Doctoral Student in Computer Science (Ref no: ORU 2.1.1-01867/2023)
Applicant: Konark Karna, MSc Advanced Computer Science, Northumbria University.
PDF: Doctoral student in Computer Science[Orebro University Application]
Aim
To develop novel techniques and methodologies to improve reasoning abilities of large language models.
Background
It has been established that scaling Large Language Models (LLMs) can help emerge new abilities in LLMs that are not present in the smaller LLMs (Wei et al., 2022a). However, the ideal situation is to not build an even-larger language model, but a LLM with reasoning ability to dissect and solve complex reasoning tasks.
To take advantage of LLMs strength, few-shot prompting is now a standard approach. In few- shot, a set of k (less than 10) examples of input-output are concatenated in a prompt, with a test instance for improved response generation. Leveraging this, (Wei et al., 2022b) proposed Chain-of-Thought (CoT) method to solve complex reasoning tasks with LLMs. In CoT, additional “thoughts” or Chain of thought is passed alongside input-output exemplars to generate text describing the reasoning process and the final answer to a given query. CoT improves LLMs reasoning abilities with arithmetic, commonsense, and symbolic reasoning tasks.

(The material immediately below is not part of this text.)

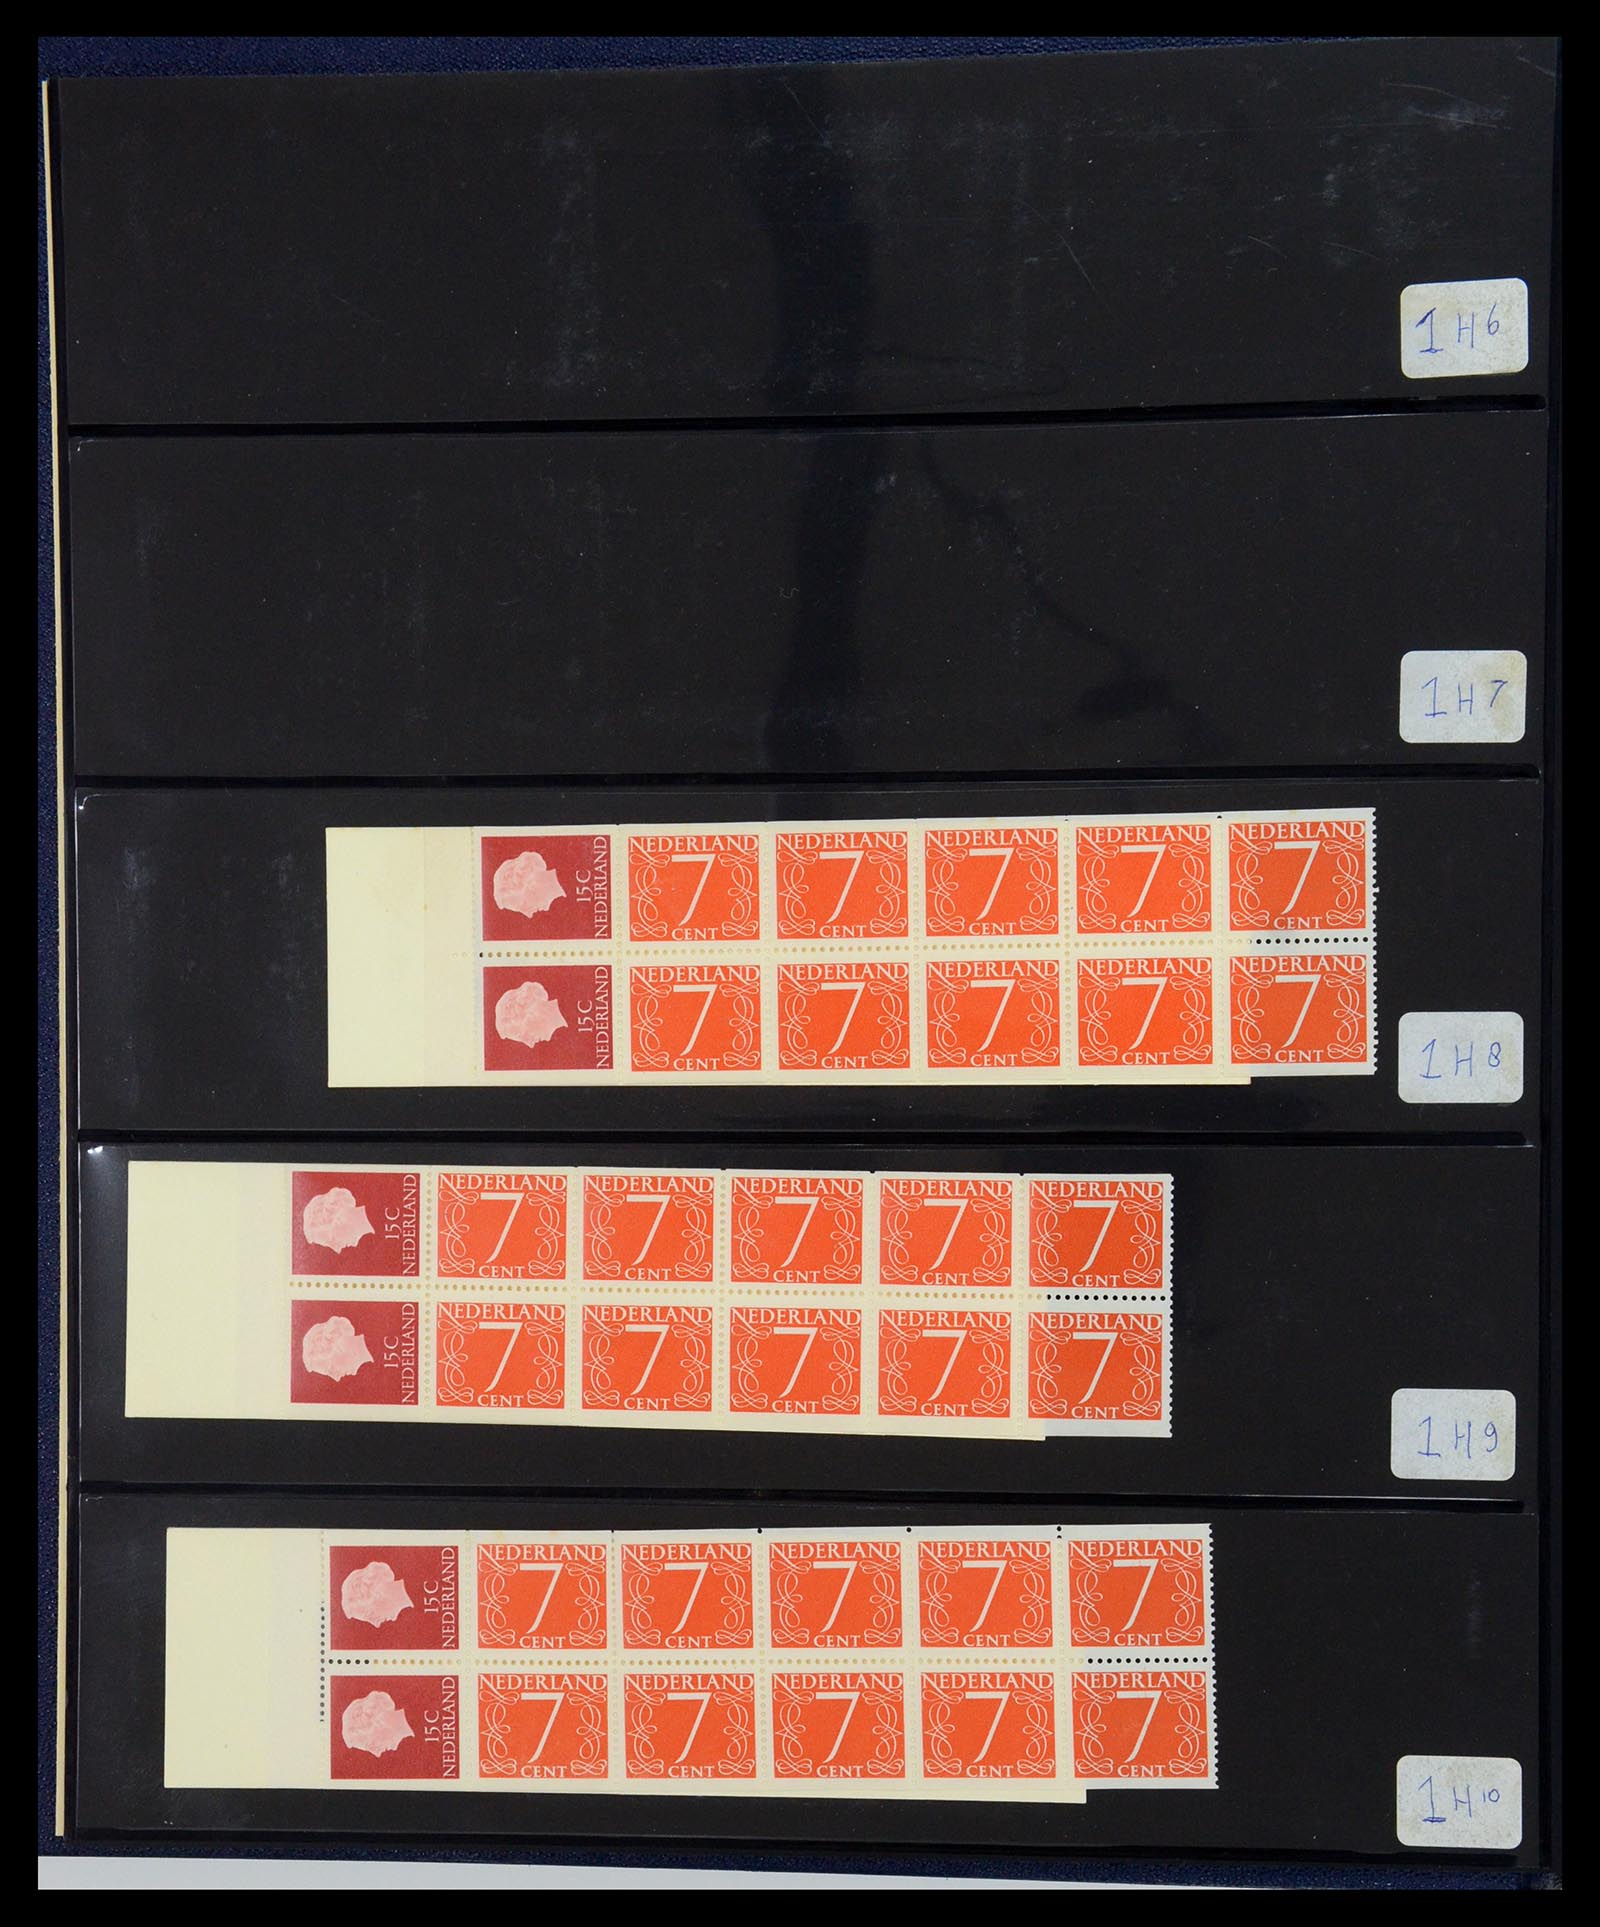 35821 002 - Stamp Collection 35821 Netherlands stamp booklets 1964-1983.

CoT, in addition, when with a combined self-consistency decoding method performs with further improvement on reasoning abilities. In this method, it takes a majority vote over all generated answers to get the most consistent answer for the final answer (Wang et al., 2022). However, among CoT based methods, Faithful CoT, performs best. Faithful CoT is a two- stage reasoning method, In the first stage of Translation, the problem is translated into a reasoning chain with interleaving Natural Language (NL) and symbolic Language (SL) component, NL decomposes it further into subproblems, and SL handles each problem separately. In the second stage of Problem solving, a deterministic solver is used to reach the final solution (Lyu et al., 2023). Faithful CoT performs even better than Least-to-Most prompting, discussed below.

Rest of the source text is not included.